Details of the testing results in pull request 86 and in Howard's measurements.
The Black Pill Variant
The Black Pill variant of the STM32F103C8T6 will also work, but has some limitations.
The advantage for the Blue Pill is that it has 2 extra pins than the Black.
The original disadvantages of the Blue Pill were:
- A resistor of the wrong Ohm is used for pin PA12. The usual fix is to solder a 1.8k resistor between PA12 and 3.3V for USB to work. However this is not necessary for OnStep, because we require the use of a UART-to-TTL microUSB board anyway.
- The microUSB connector can be flimsy. Again, we will not be using this connector, so this is irrelevant.
The Black Pill does not have these drawbacks (which are not relevant to OnStep), but it has 2 less pins, and does not work with 5V, so using the easier to flash WeMos D1 Mini is not possible. You have to use ESP01 for the Black Pill.
So, the Blue Pill is recommended, with the standard pinmaps that are supplied with OnStep, there are 2 more spare pins for the Blue Pill than the Black Pill.

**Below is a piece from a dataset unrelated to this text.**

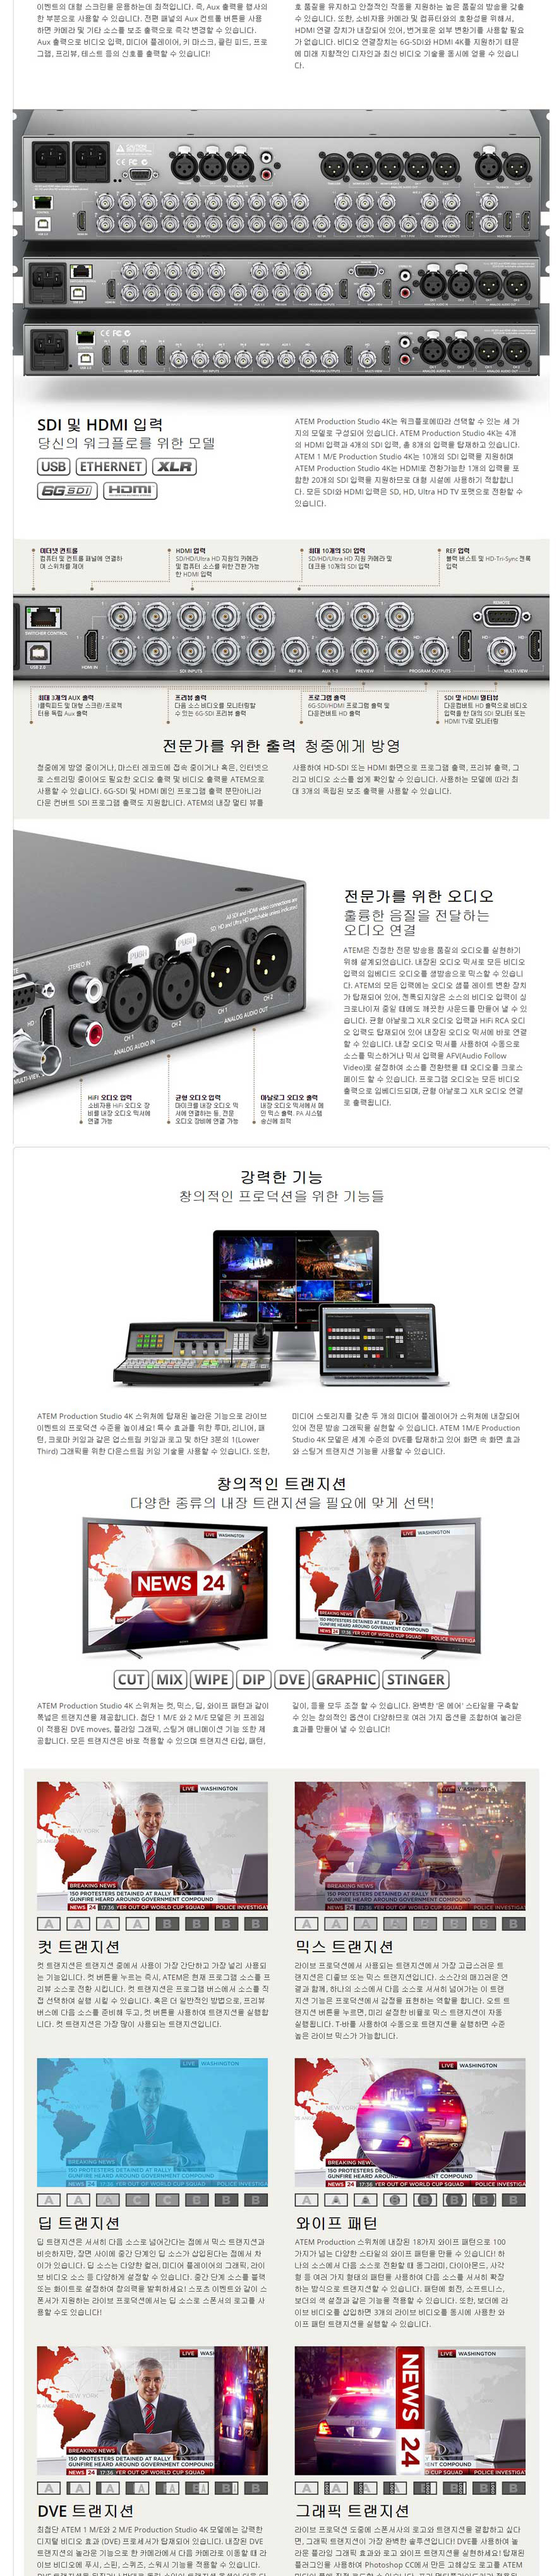 ATEM 2 M/E Broadcast Studio 4K

Important Note: The CP2102 microUSB board outputs 4.2V on the logic pins. It is successfully tested with the Blue Pill, since its PA9 and PA10 are verified to be 5V tolerant. It is not tested with the Black Pill. Although some sources say those pins on the Black Pill are 5V tolerant, I have not tested this myself. You may need to try level shifters. Please report back if you test the CP2102 with the Black Pill.
For Advanced Users
If you are experienced in electronics, you can opt to change a few things in your specific build, including:
- You can use an other USB to TTL boards. For example, the FTDI mini USB to TTL board instead of the CP2102 microUSB to TTL board. This means a different cable will be used, mini-USB rather than micro-USB. Some people may simply have them in their spare drawer. Others like the mini-USB cable as it is sturdier than most micro-USB connectors.